Dataset entries:
- - - -

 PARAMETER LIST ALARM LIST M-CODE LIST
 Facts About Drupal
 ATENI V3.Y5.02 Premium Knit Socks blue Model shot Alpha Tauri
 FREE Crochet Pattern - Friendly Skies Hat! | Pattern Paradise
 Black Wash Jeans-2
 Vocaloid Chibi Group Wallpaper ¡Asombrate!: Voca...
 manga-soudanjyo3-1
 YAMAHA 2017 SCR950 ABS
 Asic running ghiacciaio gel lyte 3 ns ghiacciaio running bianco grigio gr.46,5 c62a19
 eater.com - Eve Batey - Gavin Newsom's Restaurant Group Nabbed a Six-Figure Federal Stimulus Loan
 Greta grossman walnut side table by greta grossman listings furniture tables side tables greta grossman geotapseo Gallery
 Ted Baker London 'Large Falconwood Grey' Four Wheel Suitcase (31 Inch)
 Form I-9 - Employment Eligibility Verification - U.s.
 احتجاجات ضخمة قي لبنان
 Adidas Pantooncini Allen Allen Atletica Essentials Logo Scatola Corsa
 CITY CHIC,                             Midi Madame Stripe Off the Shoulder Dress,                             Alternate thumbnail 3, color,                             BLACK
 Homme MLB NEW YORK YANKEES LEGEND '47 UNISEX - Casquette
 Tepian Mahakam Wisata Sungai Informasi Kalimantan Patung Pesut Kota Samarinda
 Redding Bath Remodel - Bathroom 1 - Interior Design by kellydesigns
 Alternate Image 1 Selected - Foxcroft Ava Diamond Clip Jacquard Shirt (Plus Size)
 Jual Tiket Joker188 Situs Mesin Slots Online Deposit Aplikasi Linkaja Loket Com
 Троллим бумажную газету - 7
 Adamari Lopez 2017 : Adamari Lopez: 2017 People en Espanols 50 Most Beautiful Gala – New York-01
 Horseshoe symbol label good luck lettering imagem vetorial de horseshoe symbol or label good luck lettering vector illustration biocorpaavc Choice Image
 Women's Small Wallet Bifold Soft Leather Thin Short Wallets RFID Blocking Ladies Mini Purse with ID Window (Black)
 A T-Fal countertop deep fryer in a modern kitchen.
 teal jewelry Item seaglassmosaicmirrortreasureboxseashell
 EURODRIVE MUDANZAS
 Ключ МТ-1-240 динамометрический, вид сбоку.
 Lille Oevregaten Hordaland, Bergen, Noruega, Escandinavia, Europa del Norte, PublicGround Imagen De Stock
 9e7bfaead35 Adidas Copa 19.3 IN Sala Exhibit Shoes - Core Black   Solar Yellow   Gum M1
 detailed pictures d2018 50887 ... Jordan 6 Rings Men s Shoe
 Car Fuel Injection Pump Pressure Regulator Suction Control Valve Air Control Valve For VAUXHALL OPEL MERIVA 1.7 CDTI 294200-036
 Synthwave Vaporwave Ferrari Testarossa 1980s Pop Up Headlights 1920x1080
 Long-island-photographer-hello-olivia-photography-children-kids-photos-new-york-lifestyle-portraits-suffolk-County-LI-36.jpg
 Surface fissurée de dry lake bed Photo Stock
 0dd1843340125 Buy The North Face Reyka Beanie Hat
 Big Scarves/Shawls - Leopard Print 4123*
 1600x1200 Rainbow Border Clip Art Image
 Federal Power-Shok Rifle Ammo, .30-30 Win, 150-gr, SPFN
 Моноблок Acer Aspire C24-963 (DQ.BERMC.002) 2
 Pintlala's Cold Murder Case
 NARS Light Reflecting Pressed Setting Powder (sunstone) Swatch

- - - -

## THE PROBLEM
The lines holding the word "Adidas" are the answer. Find them in the entries and copy them.

## PROBLEM SOLUTION
 Adidas Pantooncini Allen Allen Atletica Essentials Logo Scatola Corsa
 9e7bfaead35 Adidas Copa 19.3 IN Sala Exhibit Shoes - Core Black   Solar Yellow   Gum M1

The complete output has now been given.